On Sat, Feb 20, 1999 at 01:00:59PM -0500, Dale Scheetz wrote:
> On Sat, 20 Feb 1999, Anthony Towns wrote:
> > On Fri, Feb 19, 1999 at 06:57:05PM -0500, Dale Scheetz wrote:
> > > >      The Debian Free Software Guidelines define what it means for software
> > > >      to be free as far as the Debian project is concerned. Software that
> > > >      follows these guidelines is termed "DFSG-free".
> > > So what do we call software that follows the original DFSG?
> > 
> > If it meets these guidelines as well, we'd call it "DFSG-free". If it
> > doesn't, we call it "non-free".
> > 
> > Consider the Postfix license. The one that's free except that it has the
> > "you agree to terminate this license and destroy all copies" and so on.
> I haven't read the license, but if it has the clause you quote it is
> non-free under the current DFSG. It isn't clear under your re-written
> document whether this would be free or non-free.
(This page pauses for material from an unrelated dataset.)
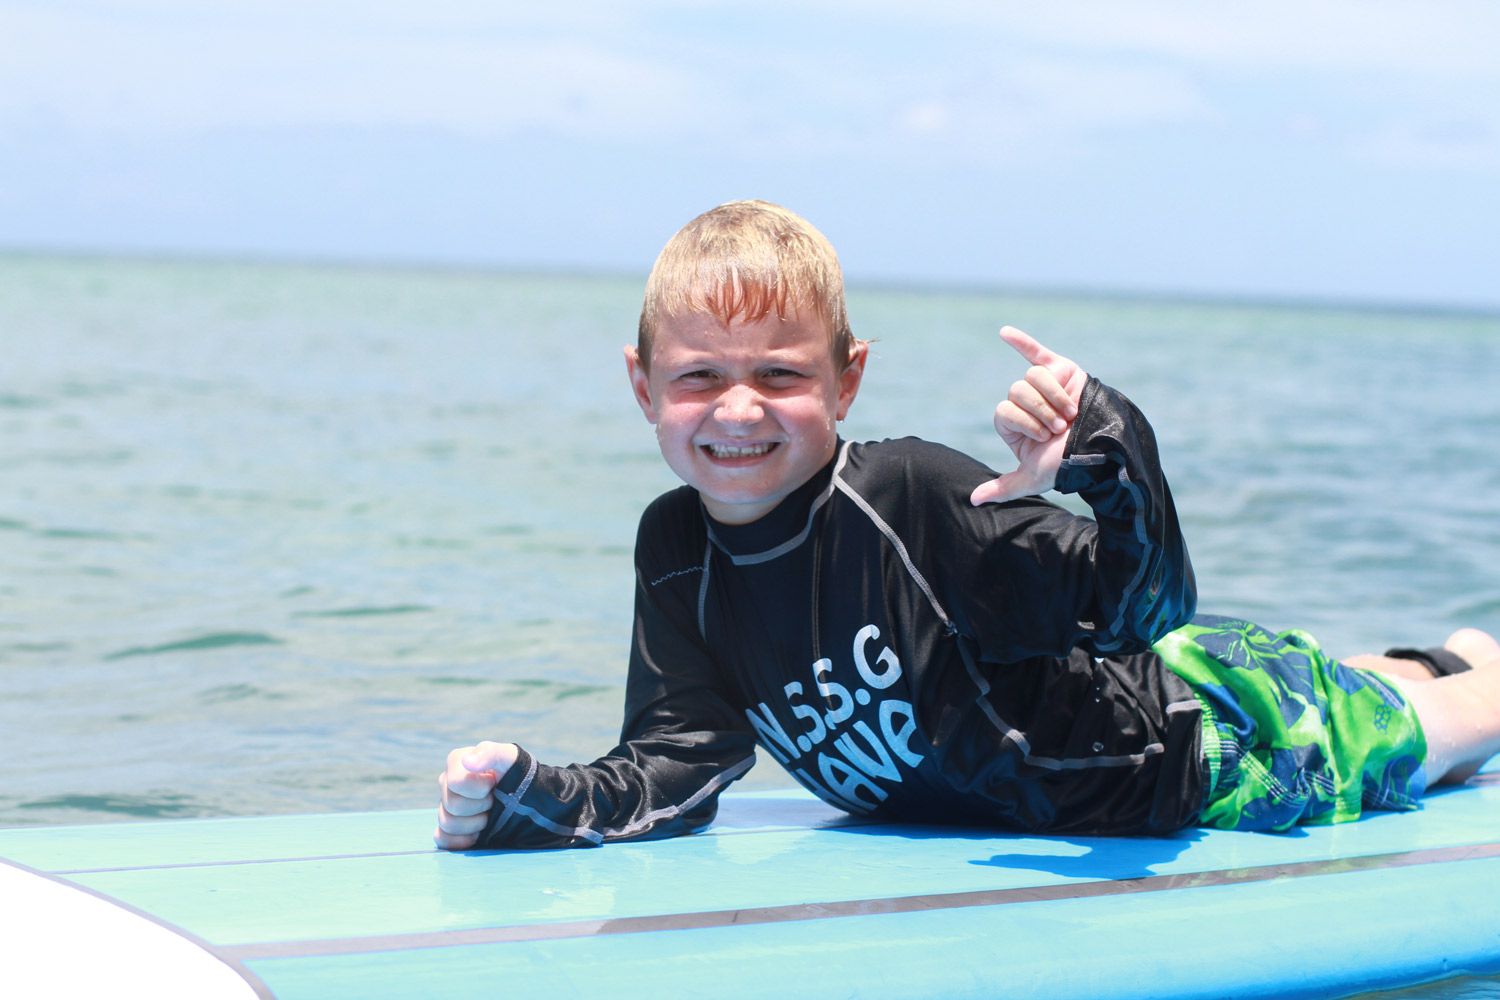 A very happy surfer boy

From the postfix .diff.gz copyright file:

+    In the event an intellectual property claim is made or appears likely
+    to be made with respect to the Software, you agree to permit IBM to
+    enable you to continue to use the Software, or to modify it, or replace
+    it with software that is at least functionally equivalent.  If IBM
+    determines that none of these alternatives is reasonably available, you
+    agree, at IBM's request, upon notice to you, to discontinue further
+    distribution of the Software and to delete or destroy all copies of the
+    Software you possess.  This is IBM's entire obligation to you regarding
+    any claim of infringement.

Note that this license was written to by DFSG-free, and quotes from its
home site include:

   ``...IBM is
   making Secure Mailer available for commercial deployment on an
   extremely liberal open source license.'' 
        -- http://www.alphaworks.ibm.com/formula/securemailer

So it's obviously not clear to everyone that it's not free under the
current DFSG.

   ``_Termination of License_ The license must remain valid until the
   licensee terminates it or violates the terms of the license.''
        -- draft DFSG

Yes, perhaps that could be more clearly written, but at least it does
directly address the `free now and forever more'.

> > You're allowed to freely redistribute it. Source code's available, you
> > can make derived works, it doesn't have a patch clause, doesn't 
> > discriminate, you can redistribute with the same license, it doesn't 
> > contaminate other programs.
> > So it meets the DFSG.
> > So it's DFSG-free, right?
> > Why is it in non-free, then?
> It imposes distribution restrictions.

It doesn't though -- you /can/ distribute it at the moment quite freely.
There are no restrictions on your distributing it. The problem is that
there /might/ be restrictions at some point in the future.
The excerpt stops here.